Makigami

Where the method comes from

Makigami means "paper roll" in Japanese. It is a structured method that records and helps to analyse all losses occurring in the value-added process.

This is central

Makigami is a process mapping technique. The improvements with Makigami have an effect on throughput times, errors, process stability, costs, etc.
This method is often used for processes where the product or service is not immediately apparent, such as in administrative departments, hospitals or laboratories.
It is a group work that involves all actors in the process.
The duration of a Makigami analysis depends on the complexity of the process and the experience of the participants.

This is the procedure

Analysis in 6 steps:

Step 1: Preparation

  • Select a process and clearly define the start and end points
  • Identify the team members who will participate in the analysis: involve all disciplines, not forgetting suppliers and customers.
  • Find all media

Step 2: Describe the current state of the process by making the invisible visible.
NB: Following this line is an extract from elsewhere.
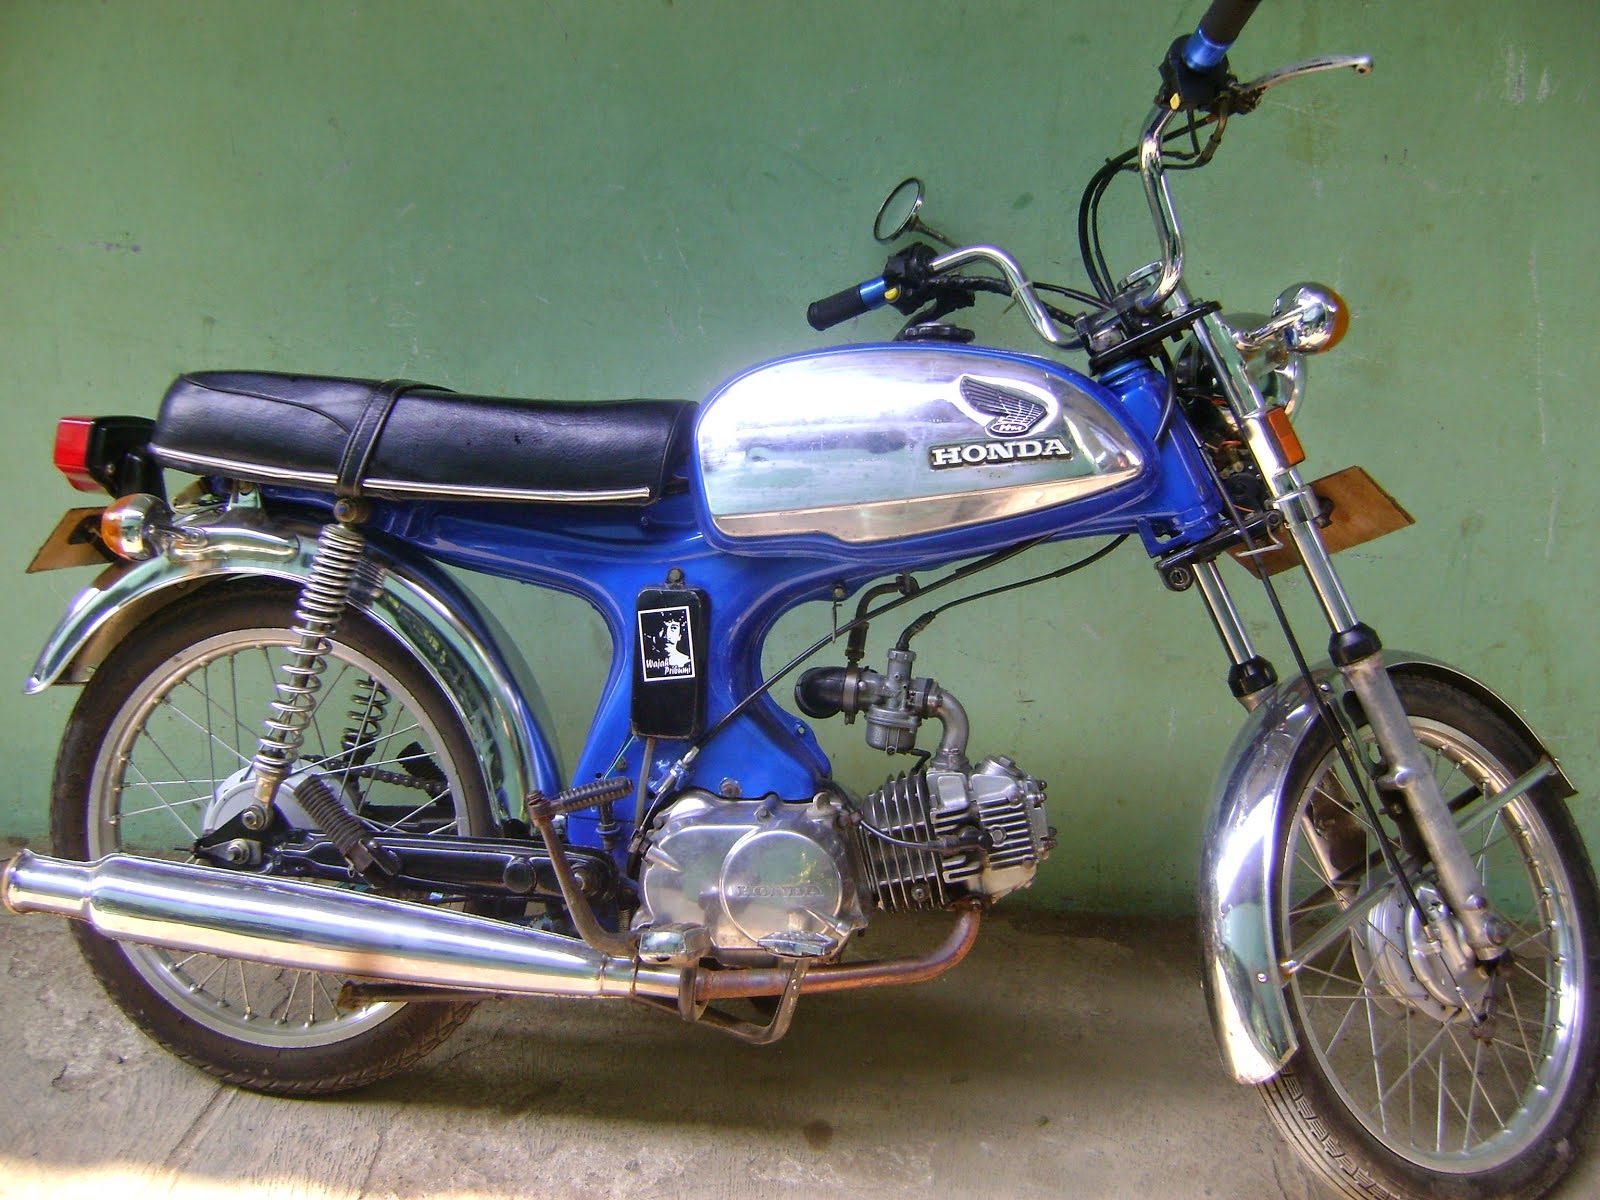 HOBIY: Kumpulan Sepeda Motor Honda Era 60 dan 70an

  • Identify all actors in the process in the left column, starting with the customer.
  • Describe all activities chronologically for each actor in detail: The activity or the action of the actor is descibed with a verb and a subject. For example: instead of [Sale] [Receives request] set [Sale] [Confirms receipt].
  • Drag the communication lines from one activity to another: Who transmits what to whom? You can use colour codes to indicate whether the information is always correct, punctual and complete (green) or, on the contrary, if there is a discrepancy (red).
  • For each activity, evaluate the time needed (start and end of the activity) and bottlenecks.
  • Collect all documents, systems and data used in this process.

Step 3: Distinguish what is of value from losses

  • As a team, distinguish between activities that are necessary and those that can be eliminated, problematic activities where the team is divided in terms of use, and non-problematic activities that have little potential for improvement.
  • Calculate what proportion of time is of value.
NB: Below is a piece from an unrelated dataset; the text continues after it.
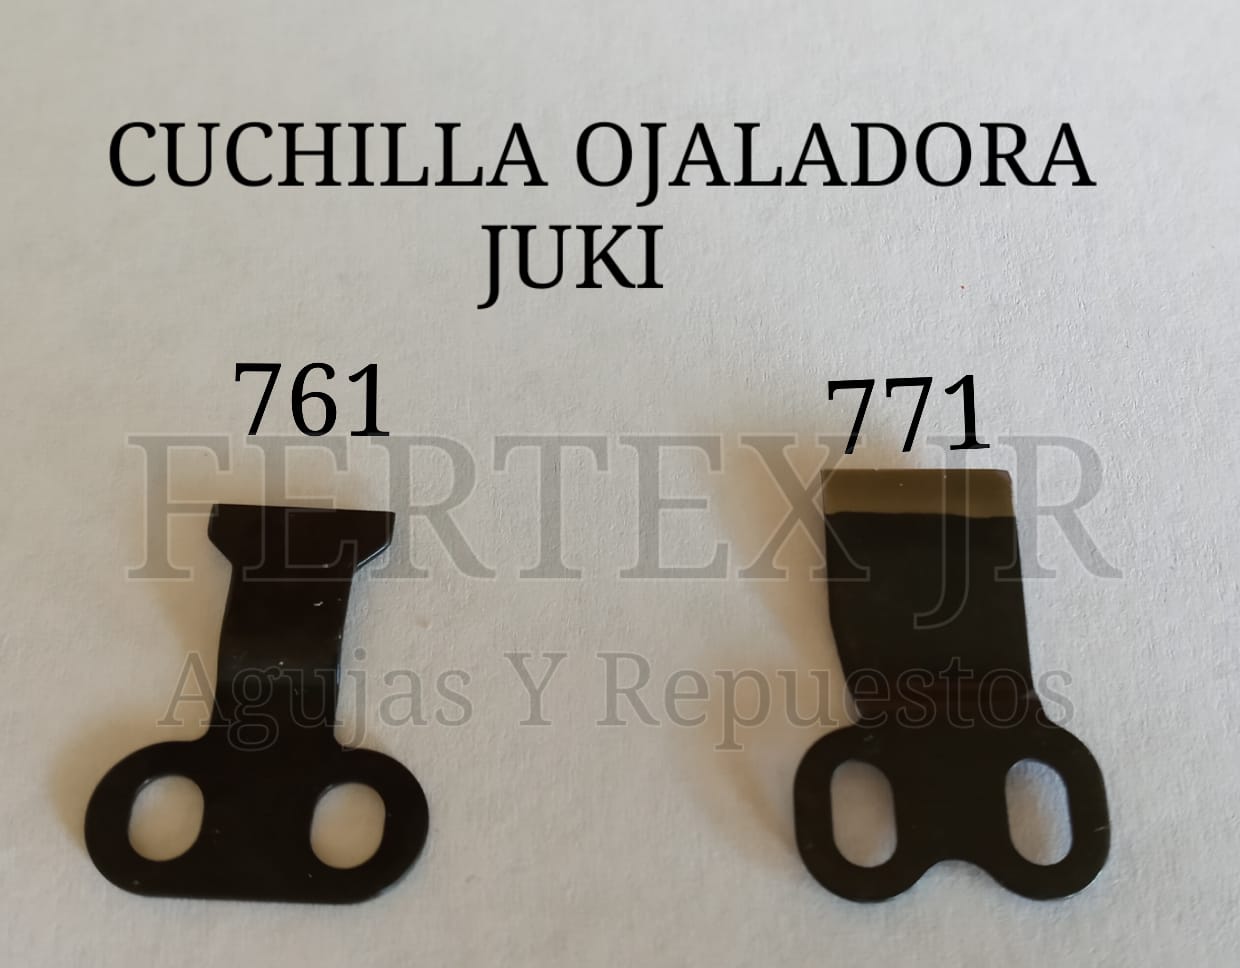 Cuchilla Ojaladora Juki 761 - 771

Step 4: Develop and visualise the ideal situation

  • By removing all activities without added value, the team shapes the new process by adding maximum value to the process.
  • The team then determines how to move from the current process to the ideal process.

Step 5: Create and implement a detailed improvement plan

  • A detailed plan of who does what when for each activity is drawn up by the team and validated by the people in charge.
  • Updating standards and providing the necessary training.

Step 6: Further improvement - Once the improvement plan is implemented, continue to identify potential for improvement through Kaizen workshops or ideas.